Descriptions of time in music

Once upon time I seriously thought about attempting to code my own audio editor. An editor for serious editing of fringe stuff like contemporary electronic, techno/mono and abstract drum and bass. While thinking about the current ways of making music with computers (and especially the low cost ones, as a student will), I found a lot of room for improvement. Some of the most serious problems with current audio capable music software have to do with the handling of musical time—even the most high end applications are at some level tied to common music notation and the limitations of the Western musical tradition on the concept of rhythm. I’ll try to relay some of my concerns, here, and I hope this text suffices to arouse some suspicion over equating rhythm and time with the way common music notation (CMN) handles it.

Common music notation and time

The aim of this article is to demonstrate some of the common limitations in and biases of the treatment of time in Western music. The latter is here defined as music which is accurately transscribed into the common music notation (i.e. the staffs, bars, notes and time signatures abstraction we equate with written music). This is a very reasonable starting point, since most of the music heard within the Western civilization today either has been written in CMN, is easily transscribed into it or otherwise has been deeply influenced by its preferred methods of temporal structuring. It is also the lingua franca of both music education and the professional musicianship throughout most of Europe and North America—the current strongholds of the global music industry. It descends naturally from the first systematic transscribed forms of music, completed in the Middle Ages, and embodies in a convenient, familiar form what is commonly thought of as essential to the description of Western music.

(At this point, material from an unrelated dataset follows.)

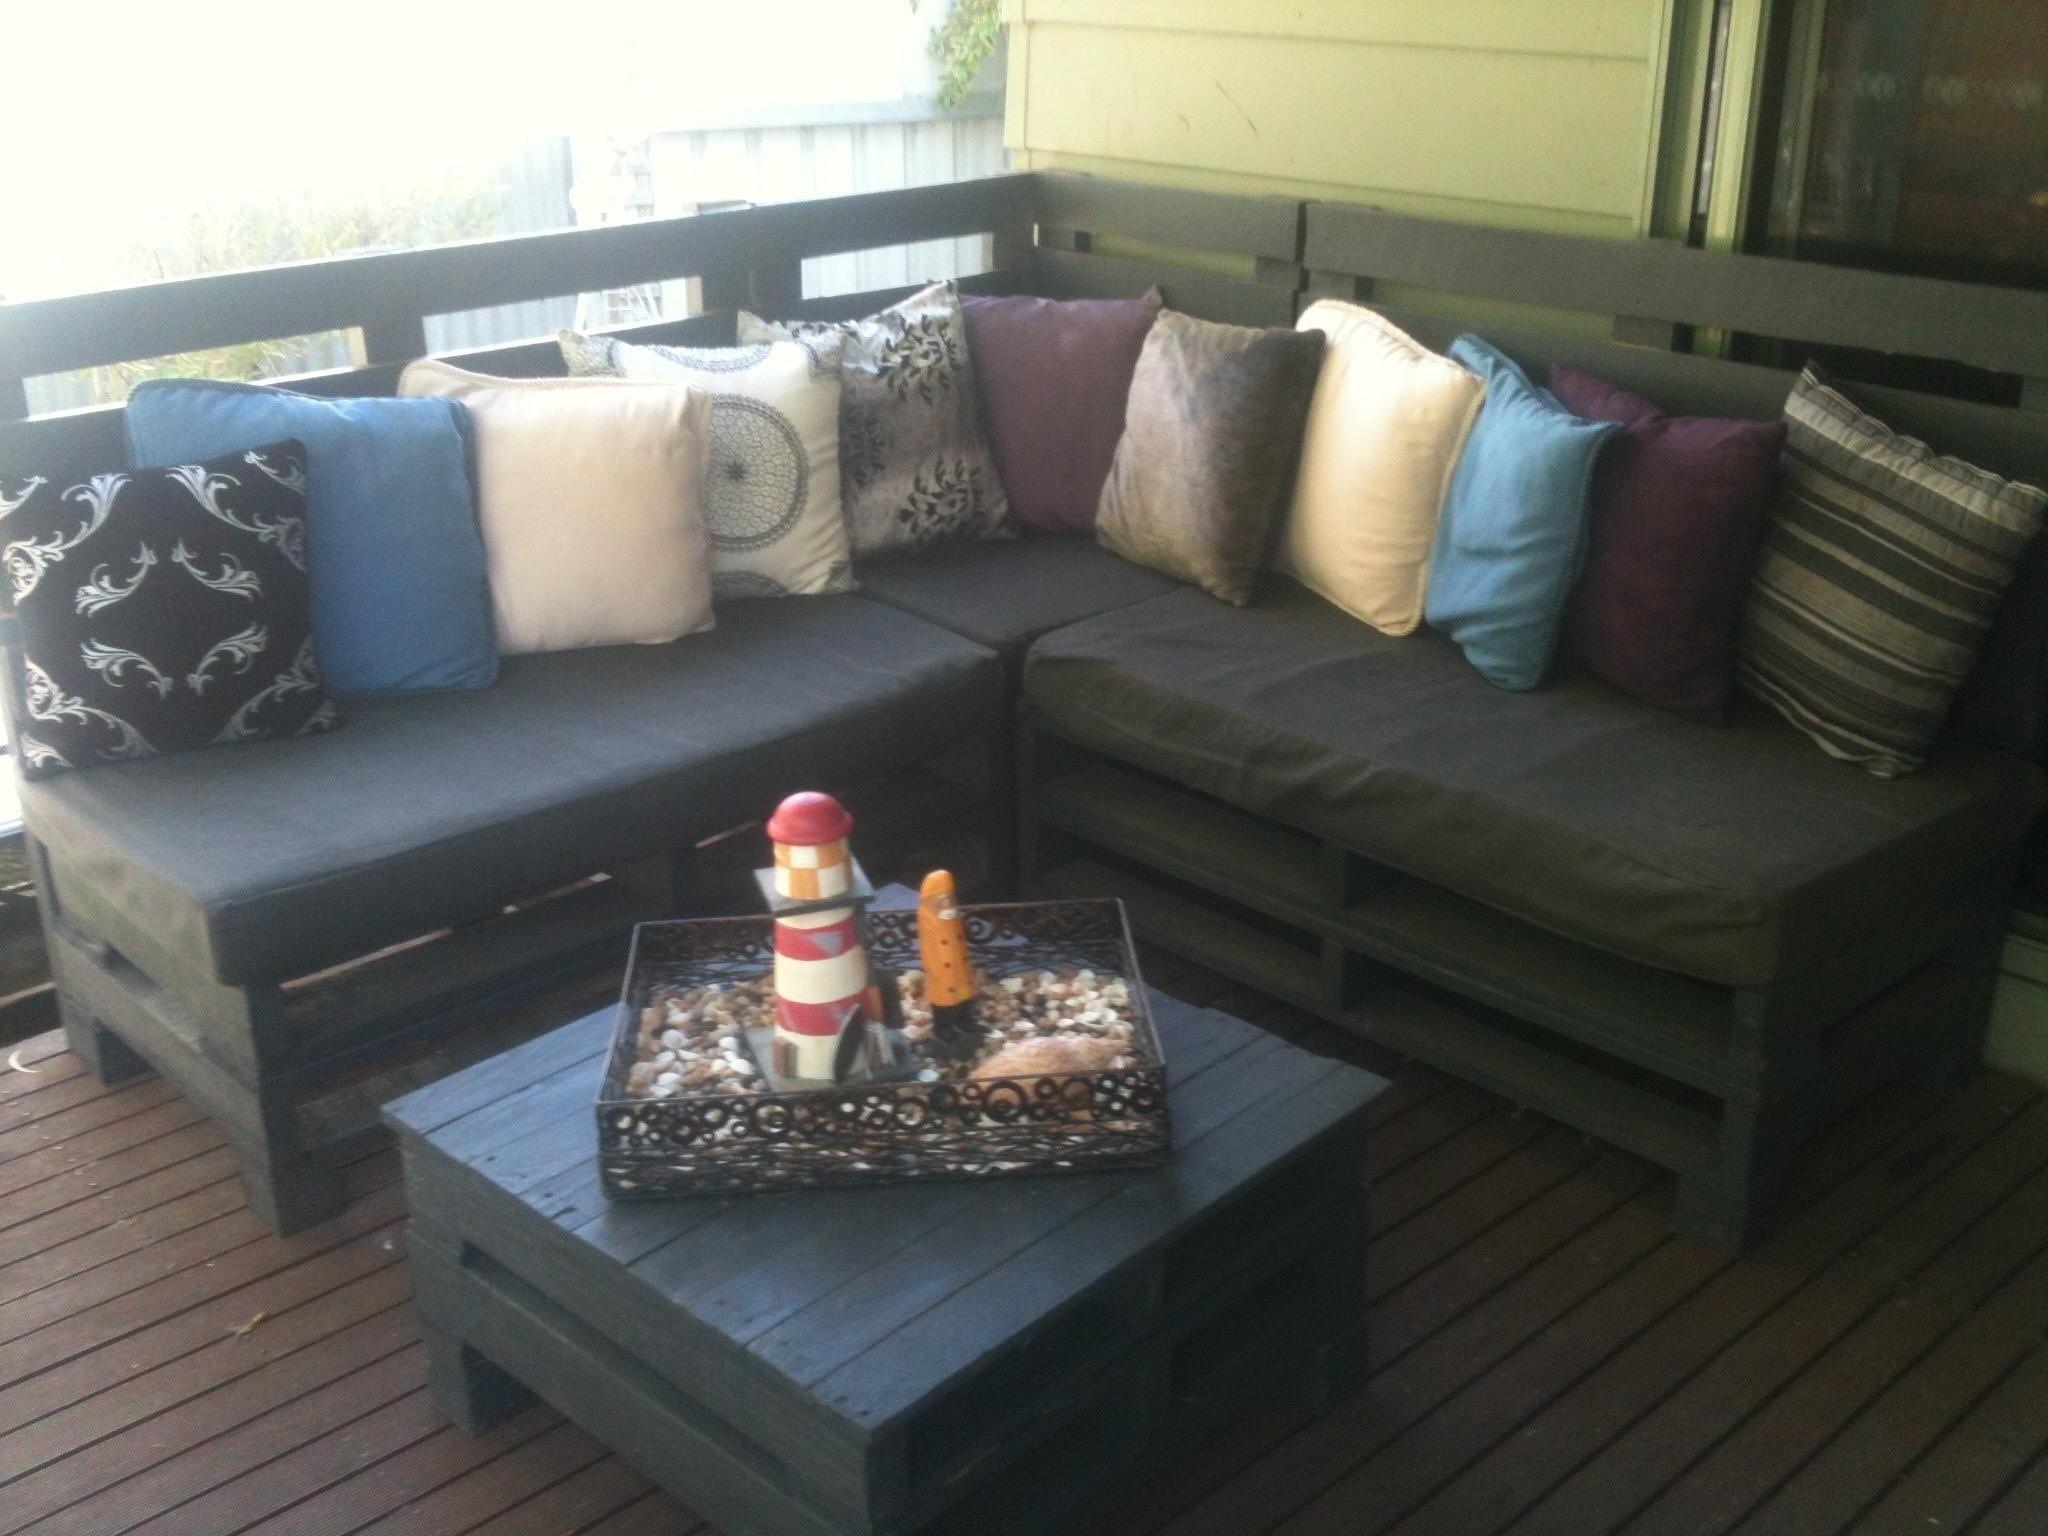 Backyard Retreat On This Pallets Sofa Pallet sofa Backyard

The first significant thing to note about CMN is the existence of notes. Our music revolves around the concept of a tone/note, which from the standpoint of temporal characterisation is a discrete event with a start and an end. Melody, which arguably occupies a central role in musical development, is usually thought of as being formed from series of separate, identifiable notes. More generally, our concepts of musical time and rhythm are surprisingly tightly bound to events which are point‐like in time: tones starting and stopping with essential constancy of musical characteristics in between. Hence a very elementary and noteworthy observation: most Western music is time discrete. To us, rhythm without distinctly identifiable events is almost unfathomable—most people would not admit that there is any rhythm in the sound of rain, for instance.

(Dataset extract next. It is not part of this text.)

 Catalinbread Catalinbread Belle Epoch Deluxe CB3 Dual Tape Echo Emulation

For the most part, events are related to the amplitude of sounds—variations in apparent loudness signal the start and end of an event. Because of basic physical concerns, sudden increase in volume signals the onset of notes quite accurately whereas the gradual decay of resonating bodies blurs the offset somewhat. This translates into a kind of dominance of onsets: the correct offset of notes is significantly less important than a well timed onset if a musical outcome is desired. Similarly the pitch and timbral characteristics of sound have a much diminished role in determining the start and end of musical events, and can assume significant continuous detail before they affect the perceived rhythm of a given musical passage. CMN reflects these principles accurately: the time and manner of offset of notes is given considerably less attention than the onset and the few means of transitioning from one note to another without significant intervening amplitude variations (say, legato) are regarded primarily as stylistic measures.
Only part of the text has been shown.